On a regular basis I lament the decision I made when voting for alderman of my ward because of how much he has let me down. The only promise he seems to have delivered on is that the Wilson Red Line station will be rehabbed. The problem with this lament is that he didn't seem nearly as bad of a decision as the opponent.

Politics in not only Illinois but also America has shifted to a decision between the lesser of two evils. Sure, we might not like one candidate, but the other candidate seems like they would be slightly less awful.

I could have voted for Obama, but why vote for someone who has disappointed me? The problem is that had I voted in the Iowa General Election in 2010, I would have voted for a gubernatorial candidate I am currently angry at because the governor at the time had really let me down.
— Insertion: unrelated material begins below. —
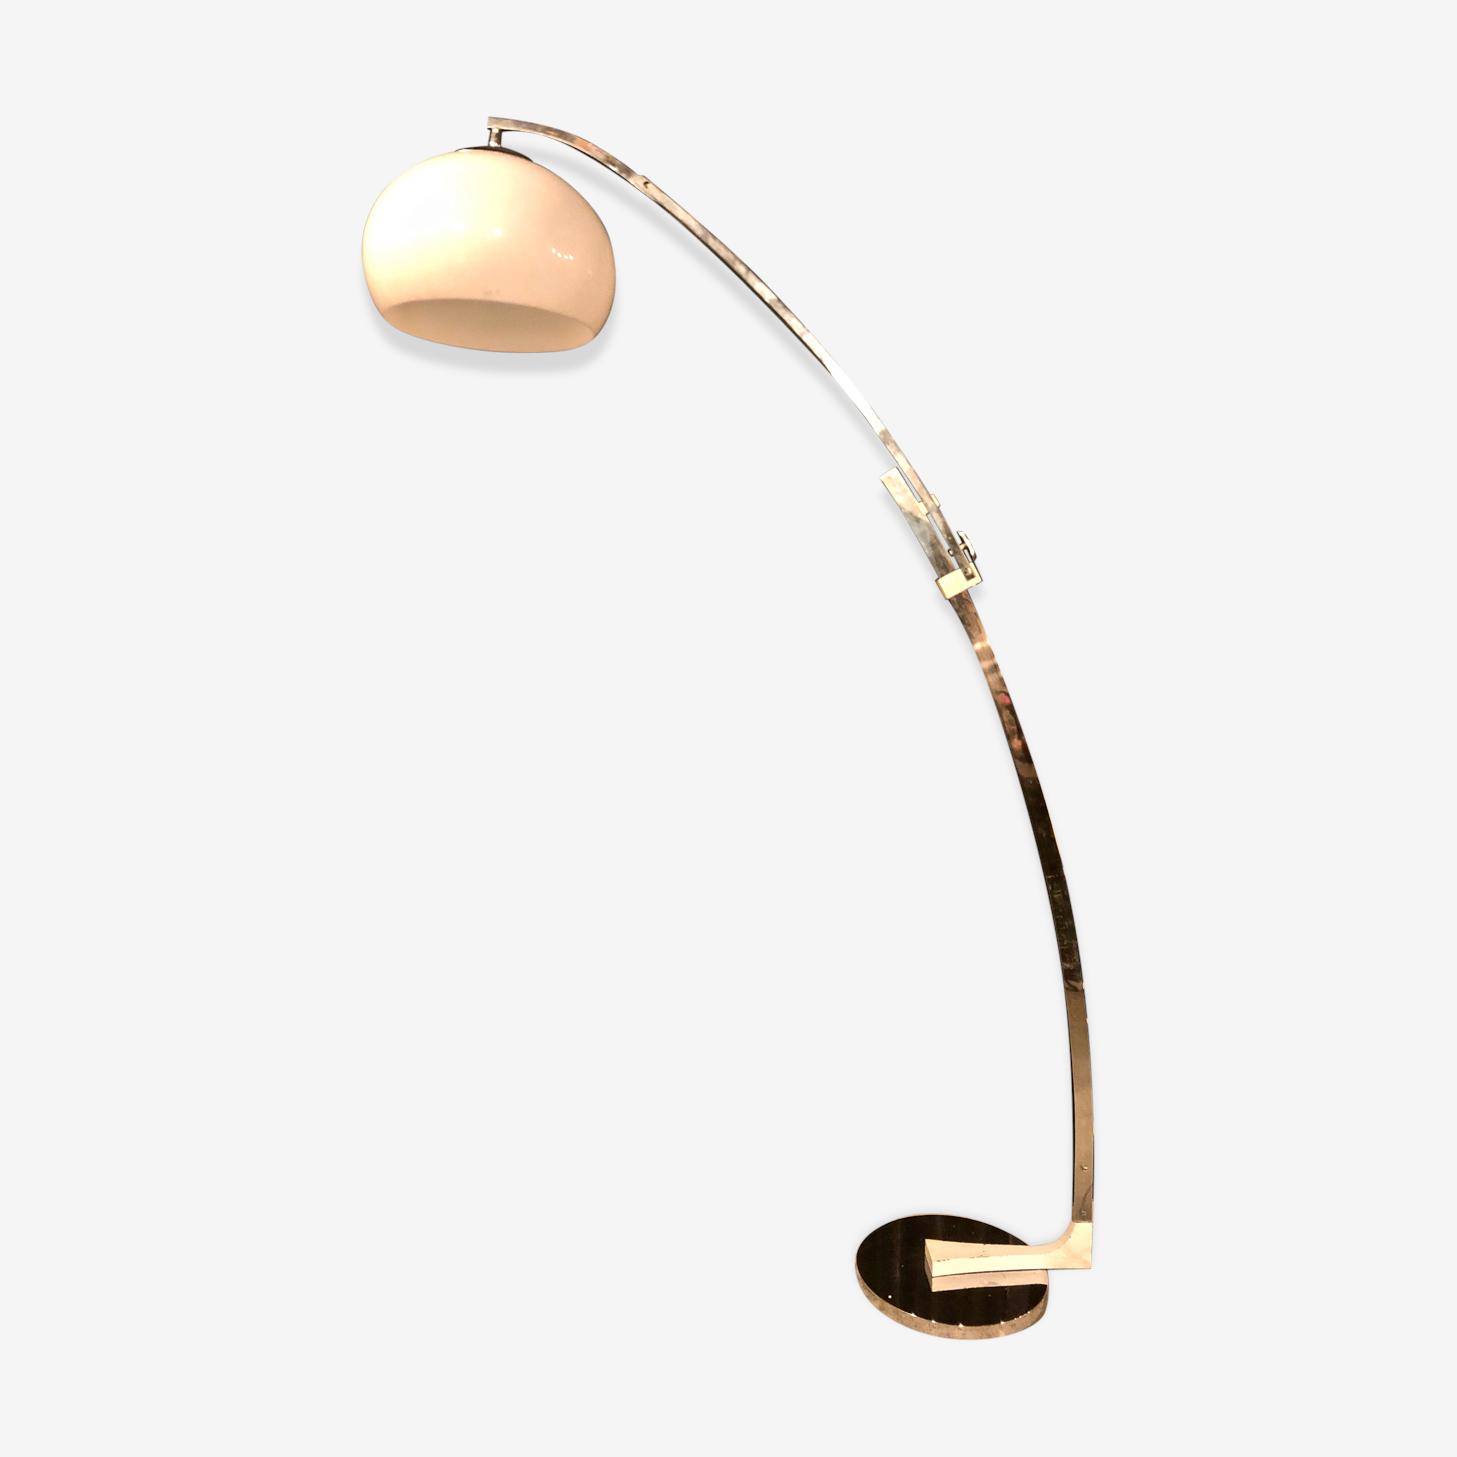 Goffredo Reggiani arc floor lamp

Maybe the only result for elections right now for some of us is to eventually feel disappointed, unless we voted for someone we lost.
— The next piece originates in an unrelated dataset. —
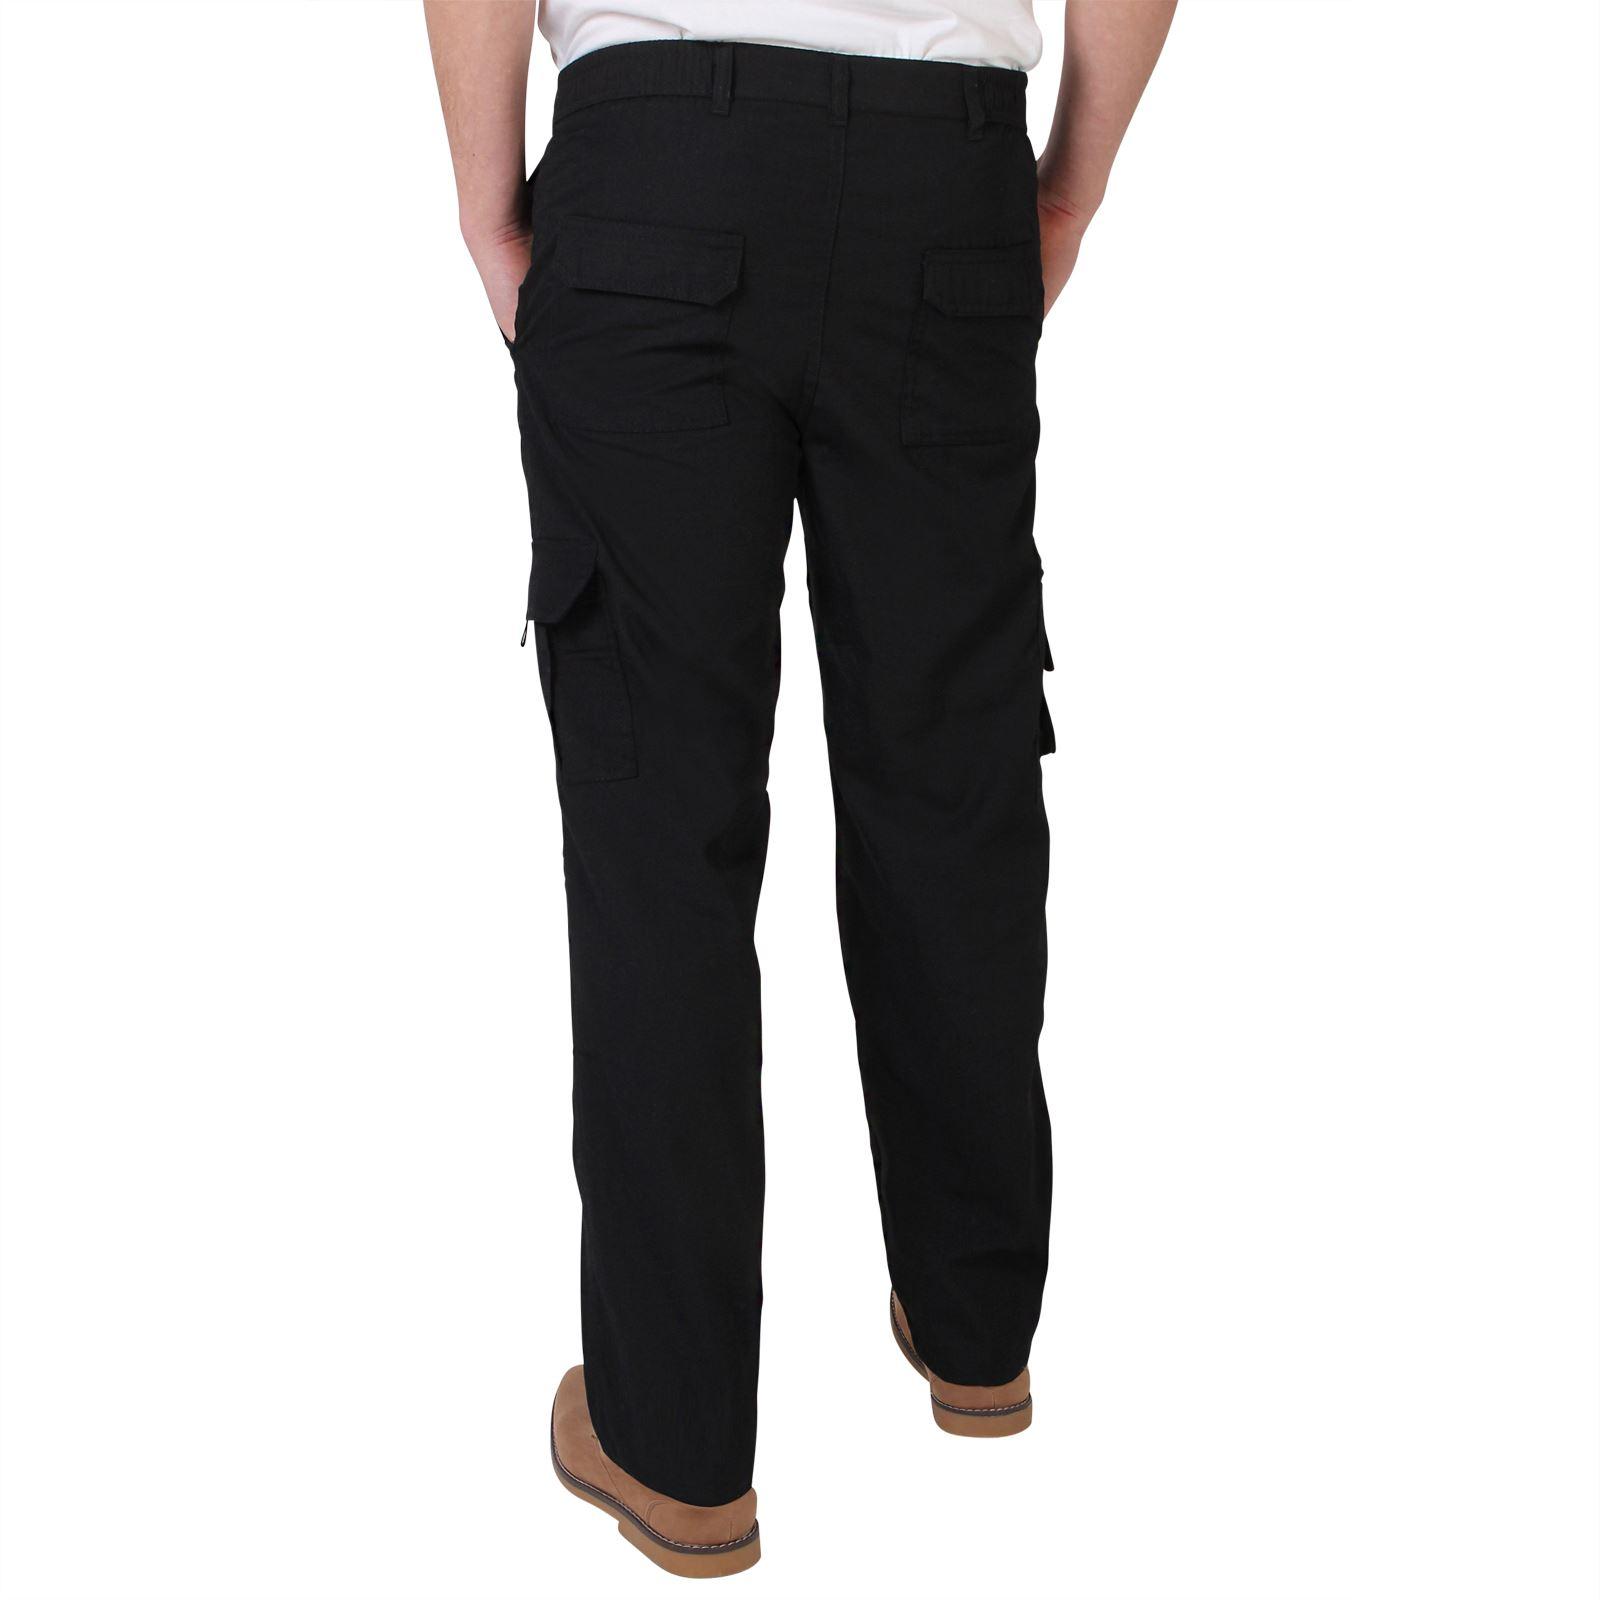 Pantalones-Hombre-Estilo-Cargo-Militar-Combate-Multibolsillos-Casual miniatura 28

The system with voting seems broken. Not that many seem to care or are cynical about the process. For many it seems like they could vote, but they would seem just as voiceless if they didn't vote.

This, unfortunately, is how I felt this morning when I woke up. I want representatives that have chutzpah and the guts to stick to their convictions, not those that will buckle to criticism or the feeling that they must conform.

Yet I exhaled deeply and filled in the arrows on my Democratic ballot this morning, doing what is my civic duty while feeling heavy-hearted.